Comento com os dois diretores que, ao ver Inabitável em outubro de 2020, no Olhar de Cinema, conversei com André Santa Rosa, crítico do Diario de Pernambuco, e juntos concordamos que havíamos sentido uma atmosfera à Arquivo X - seriado criado por Chris Carter na década de 1990, com David Duchovny e Gillian Anderson como os agentes do FBI Fox Mulder e Dana Scully, a investigar casos em que abundavam o fantástico, o sobrenatural e o inexplicável. “Através de uma realidade concreta, que dá conta do estado do nosso país, construímos a narrativa no gênero fantástico. É como uma mensagem colocada numa garrafa, enviada para que o mundo consiga entender um pouco o que é viver no Brasil nesses tempos tão difíceis”, pontua Enock.
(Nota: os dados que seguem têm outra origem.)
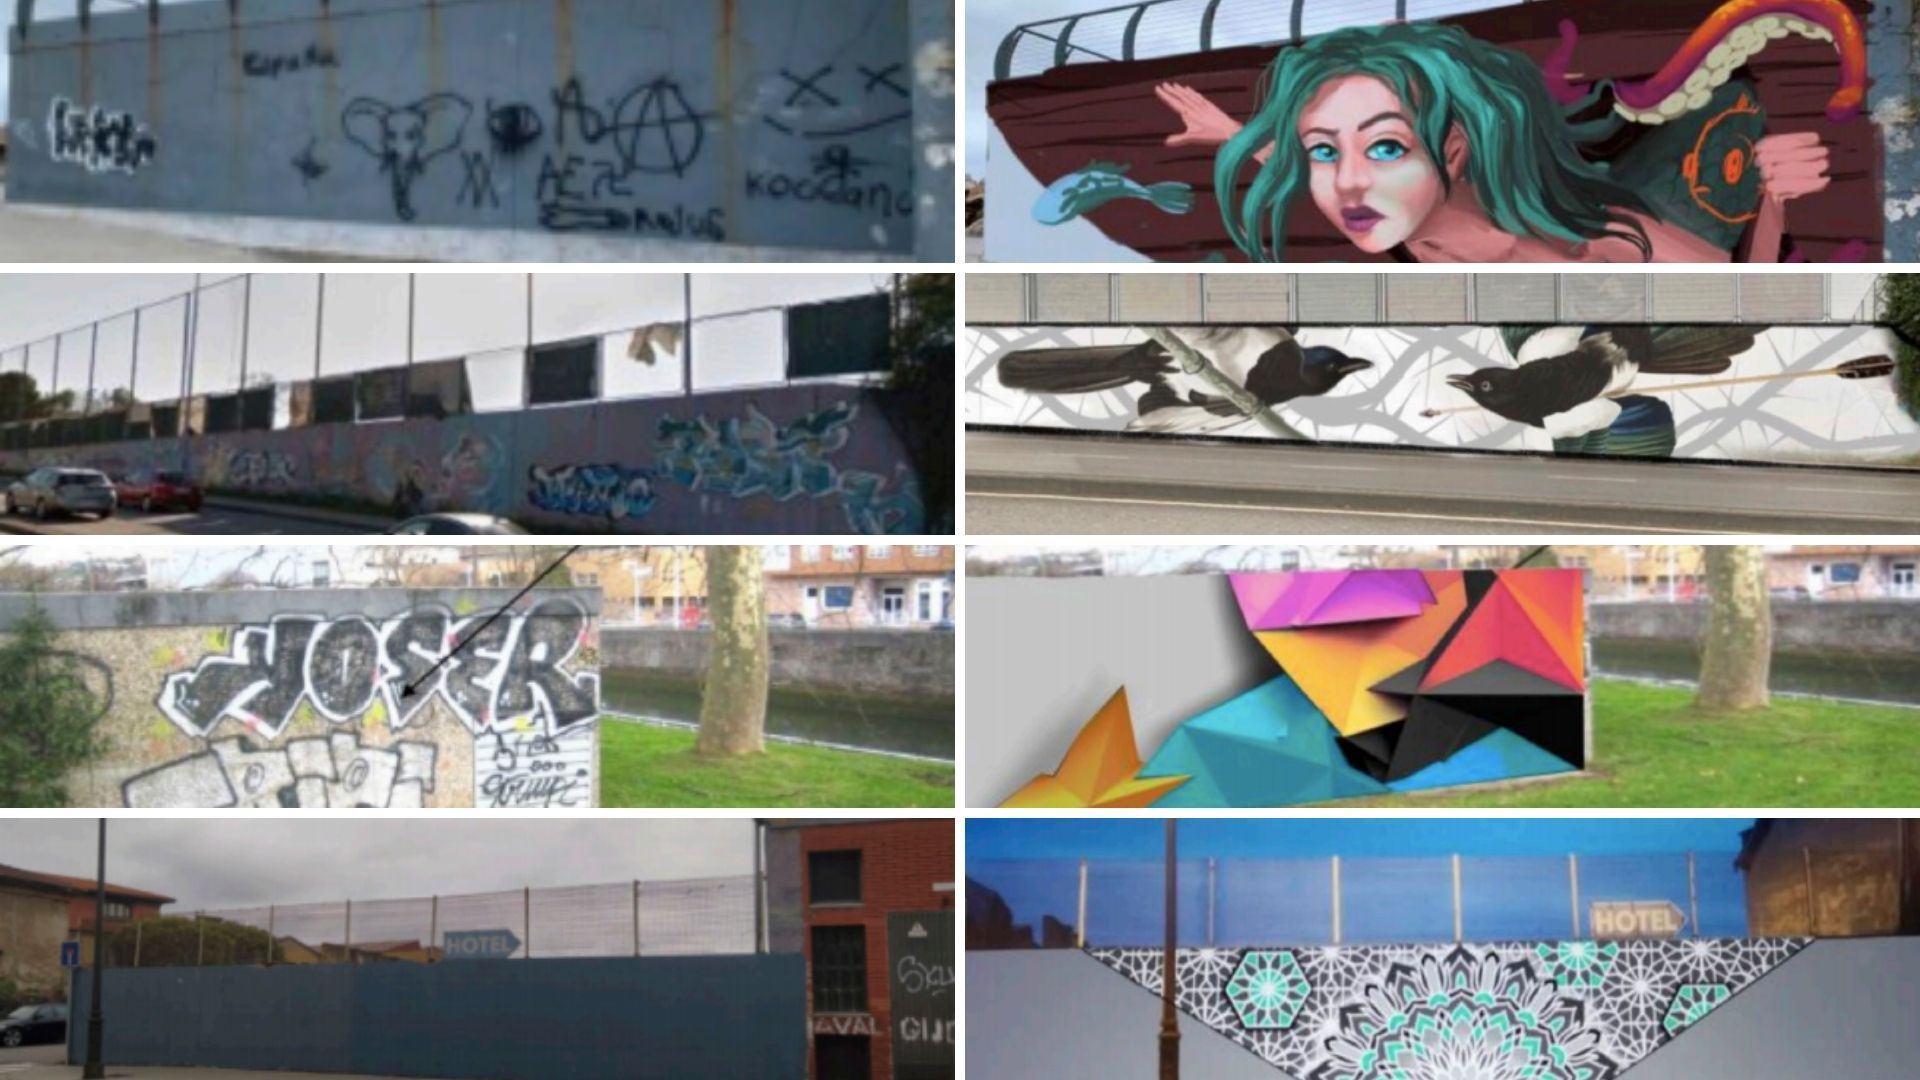 Cuatro de las zonas que se van a muralizar, con el resultado previsto a la derecha de cada imagen de la izquierda, a partir de septiembre en Gijón

De Salvador, onde mora, Luciana Souza fala à Continente sobre os elementos que aproximam o curta das realidades locais e do resto do planeta. “Sabemos que essa realidade de violência, de medo, é algo que nos traz ao Recife e também aqui à Bahia. Como sociedade, fomos caminhando de forma abafar as diferenças, a diversidade, a própria nudez do ser humano e assim mascarando com outras fantasias, como se o mundo tivesse que ser assim - homem e mulher, pai e mãe. Isso gera uma desumanidade e conflitos e se mistura com as diferenças de classe e com a luta pela manutenção de privilégios. Acho que esse momento de pandemia vem acirrar tudo isso e mostrar que, cada vez mais, são questões e temas que estão entrelaçados. Inabitável vem do Recife, e tem a ver com Salvador, mas vai adentrando em problemas que estão no mundo. Essa luta nos Estados Unidos, onde a negritude toma um posicionamento e está se impondo, reverbera aqui também”, pondera a atriz.
Ela conta que já admirava o cinema produzido no Recife, em Pernambuco, e que a experiência com Bacurau, de Kleber Mendonça Filho e Juliano Dornelles, sinalizou algo: “Me disse para entrar mais nesse lugar, para me relacionar mais com as pessoas aí. O processo de Inabitável foi muito bom, pois pude fazer uma imersão total, estar ali junto dos aderecistas, da maquinaria. Todo dado é importante para meu trabalho como atriz. Sou muito grata porque esse filme me deu uma imersão maior e agora tem tido uma repercussão enorme, a partir dessa temática gritante e necessária que o conduz”.
No final, quando Marilene, seu personagem, olha para o horizonte, em um plano que me remete a Contatos imediatos do terceiro grau (1982), de Steven Spielberg, Inabitável reforça a magia que o cinema há de sempre nos trazer. “Uma possiblidade de existir um lugar onde se possa viver sem essas limitações, sem medo, onde as diferenças possam se respeitadas, onde se possa ter uma vida digna de fato”, aponta Luciana Souza. “Onde Marielle Franco, Mateusa, Dandara, Beto, assassinado no Carreffour de Porto Alegre, não precisem morrer, onde a população negra não seja exterminada dentro de uma política de Estado”, corrobora Matheus Farias.
Em Sundance, nos festivais brasileiros e em todas as outras mostras em que for escalado, este filme nos lembrará, sempre, que “a verdade está lá fora”, como diziam Mulder e Scully em Arquivo X, e que a arte é sempre esperança.
LUCIANA VERAS é repórter especial da revista Continente e crítica de cinema.